The course evaluations revealed possibilities for improvement as well. The most frequent suggestion was the extension of course duration. Although difficult to implement given the tight timetable of first-year students, this idea will receive ample consideration. Improving the organizational handling of the CEL was another focal point. Initially, students chose course dates individually via our online course system. However, during the first months a handful of CEL courses was cancelled due to low numbers of enrolled students (<3). Reacting to numerous suggestions, course dates have been set for each student starting with the study year 2012/13. This predetermined CEL schedule now allows for numerically equal course groups, guarantees courses and reduces students’ organizational burden, leading to improved student satisfaction.

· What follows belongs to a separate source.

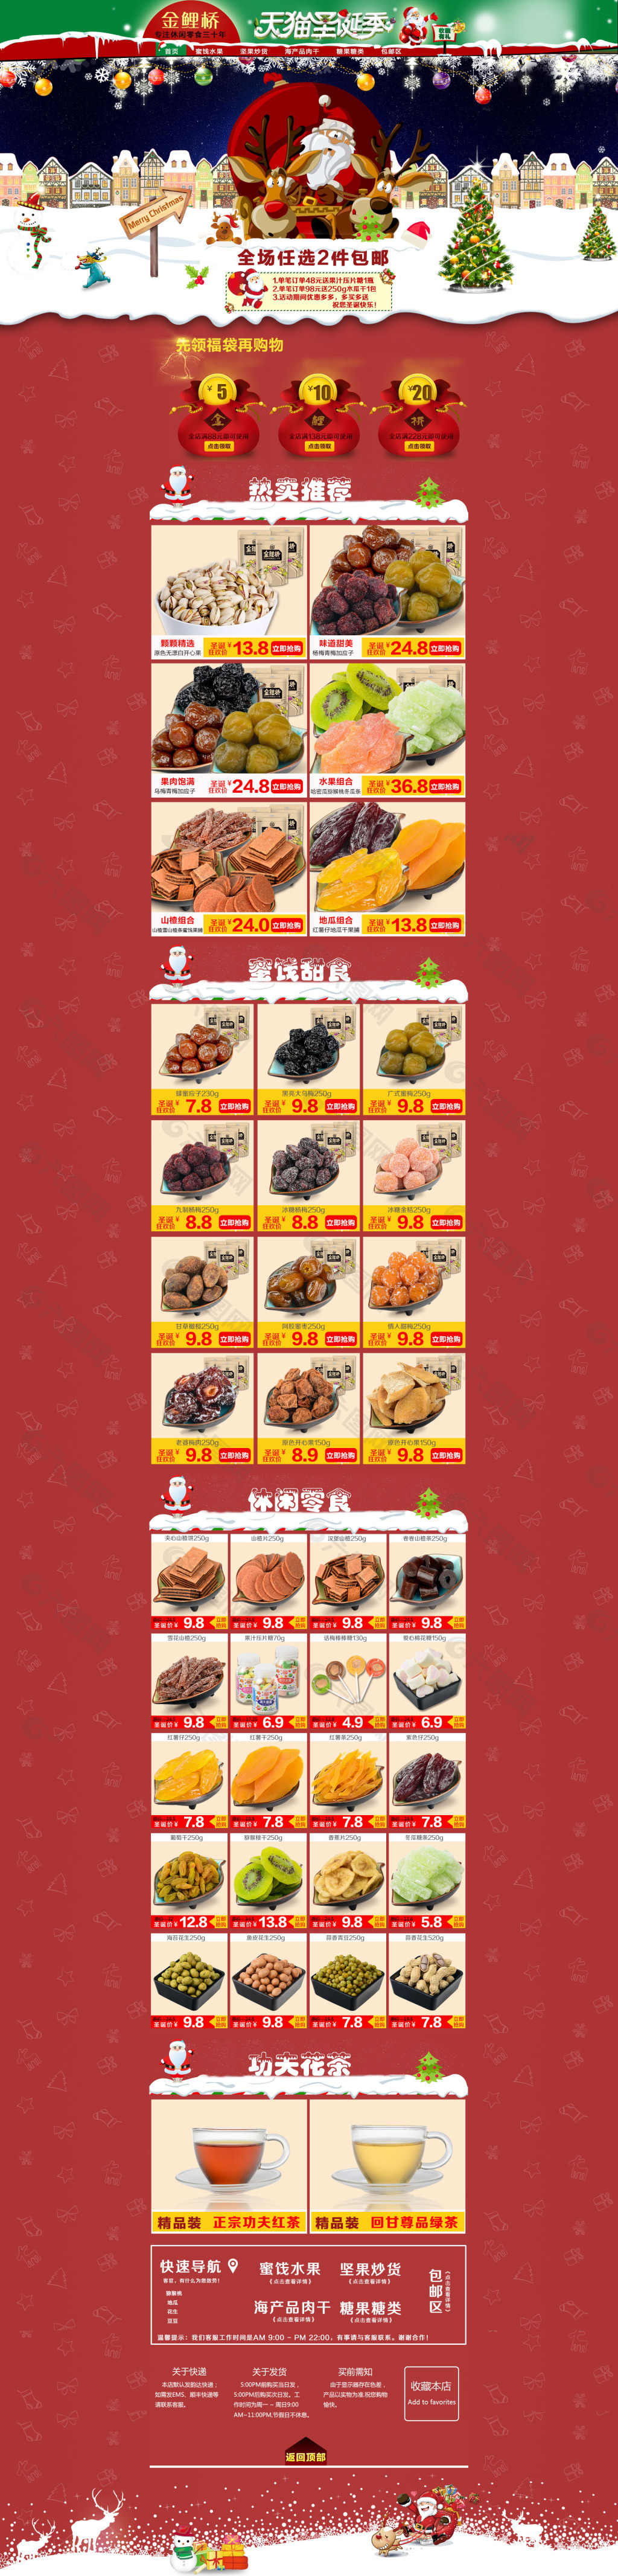 食品类圣诞节海报模板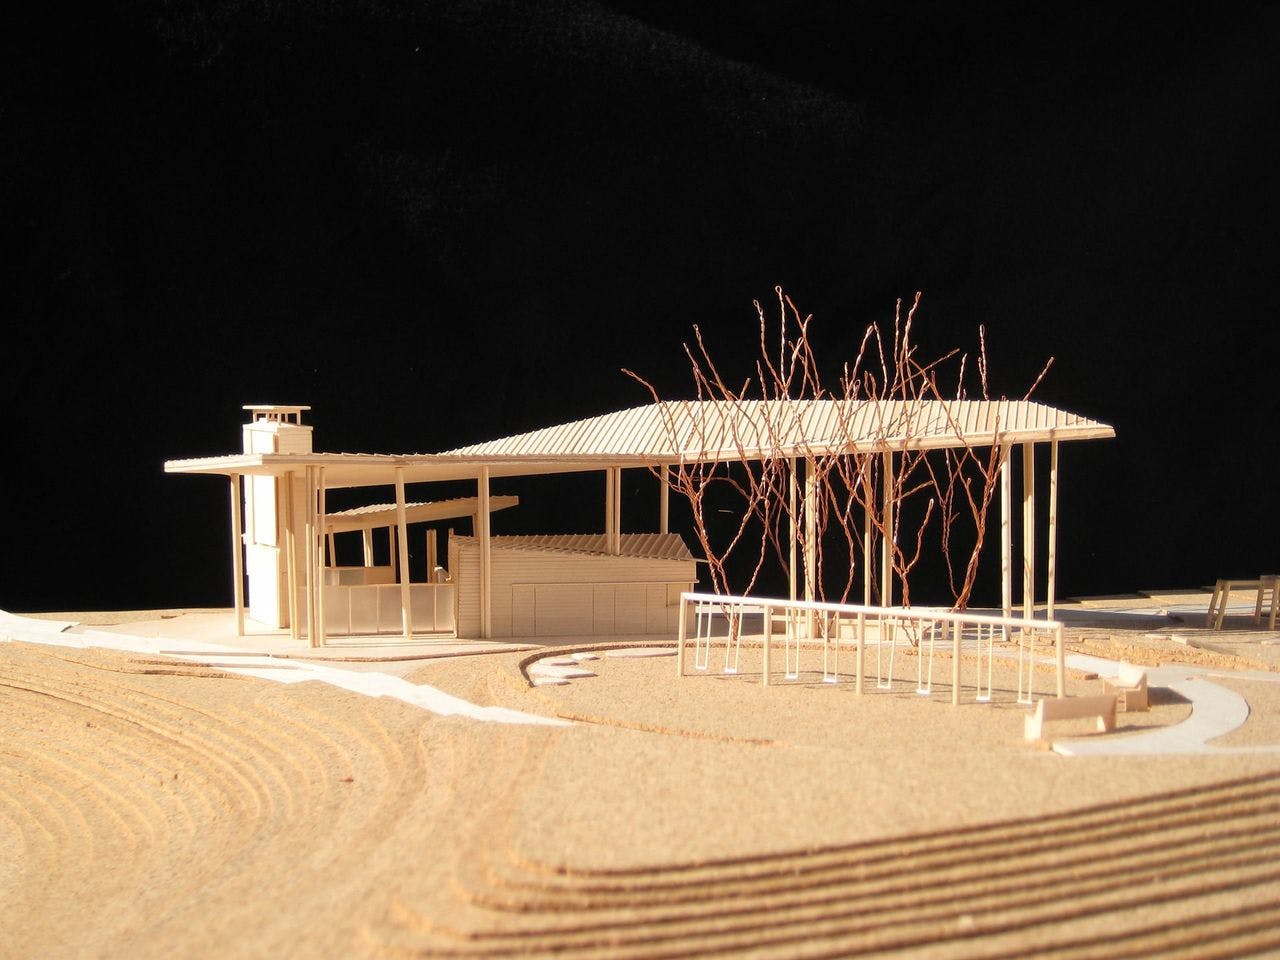 Don River Park Pavilion schematic model

It has to be evaluated how well the skills acquired at our CSC will translate into the clinical stage of study. It must not be forgotten that training in the skills laboratory does not replace, but supplement clinical experience [10]. However, in the study by Nielsen et al. [6] 70 per cent of students were convinced to be able to transfer skills from the educational laboratory into patient treatment. Students within an innovative curriculum with skills laboratory training from the first year of study are better trained in basic clinical skills and, therefore, better prepared for clerkships, compared to students in traditional curricula [17]. In addition, Liddell and colleagues [18] proved that a single basic skills tutorial during the early part of medical study has a long-lasting positive effect on students’ clinical performance and reduces hesitancy to practice procedures during clerkships. Thus, we are optimistic that the CEL provides students with the necessary competence and confidence to successfully perform medical skills and practical procedures in the clinical setting.

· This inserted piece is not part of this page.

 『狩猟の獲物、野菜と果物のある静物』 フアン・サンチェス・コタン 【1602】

As our primary objective was to assess students’ perception of the course concept, we did not investigate their performance after completion of the CEL. However, further investigations addressing students’ short- and long-term competence and the transferability of skills into patient care are already being carried out.

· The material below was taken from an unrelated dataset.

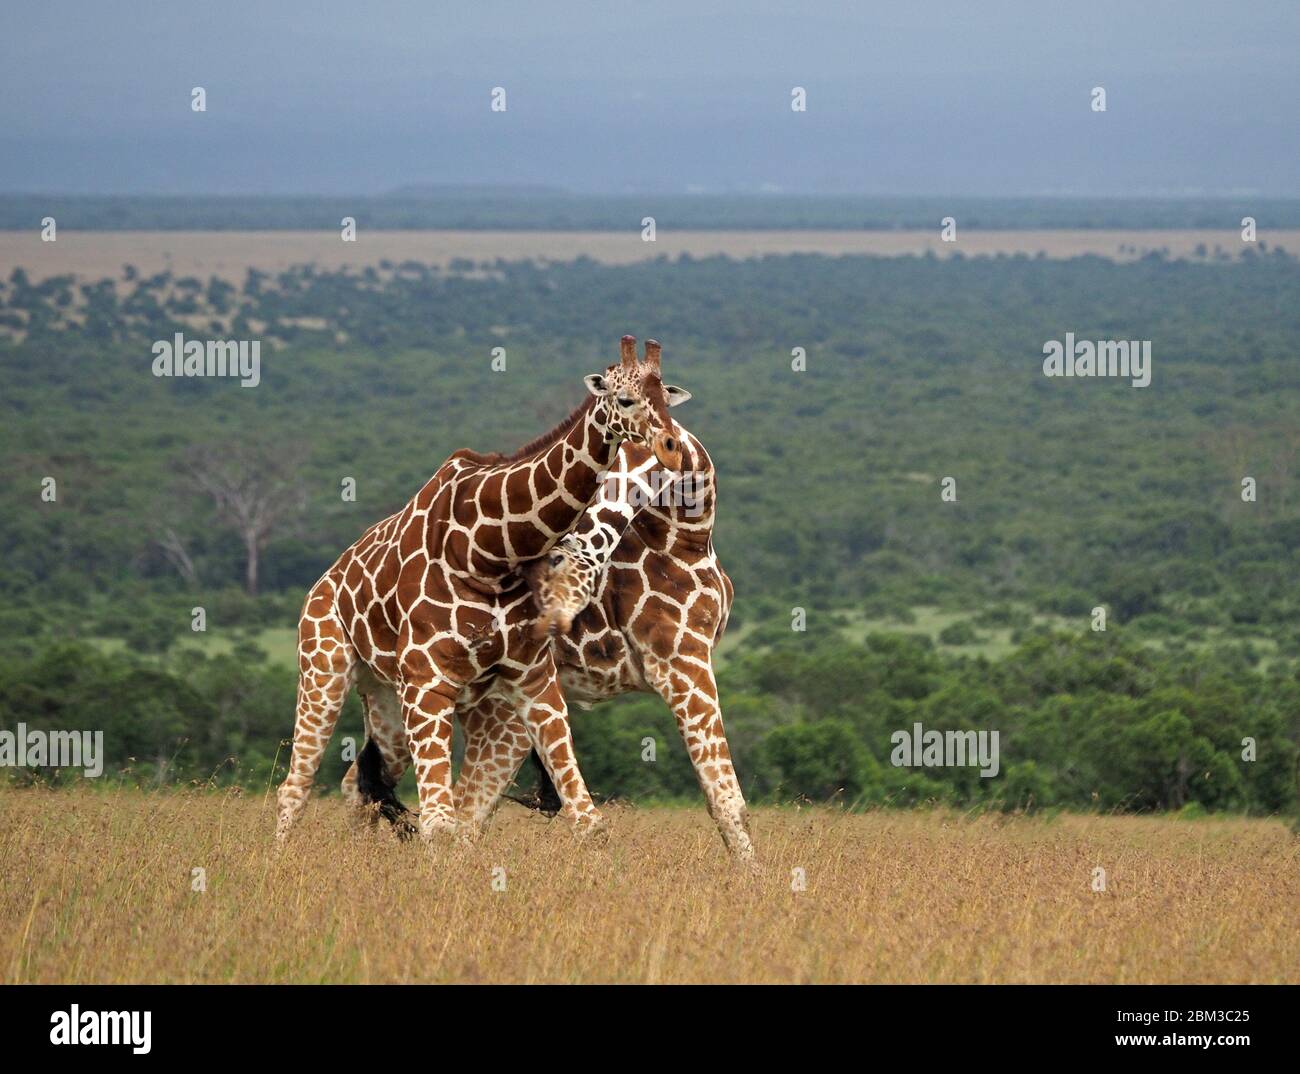 Due vecchie giraffe toro reticulate (Giraffa camelopardis reticulata) lotta per diritto di accoppiamento con la femmina -OL Pejeta Conservancy, Laikipia, Kenya, Africa Foto Stock

The CEL concept has proven its value for students at the Medical University of Graz. Based on first course evaluations, factors contributing most to this success are hands-on training, motivated and experienced student instructors, clinically relevant contents, and the utilization of medical simulation. The most common suggestion for improvement was an extension of course duration. Additional research on students’ competence in the short- and long-term and on possible improvements in patient care will ultimately decide the CEL’s educational value.


The authors want to thank Elisabeth Koch for performing course evaluations and data acquisition, Dominik Födinger and all other current and former CSC peer-teachers for their commitment, and each and every student who has evaluated the course and offered suggestions for improvement.

Competing interests

The authors declare that they have no competing interests.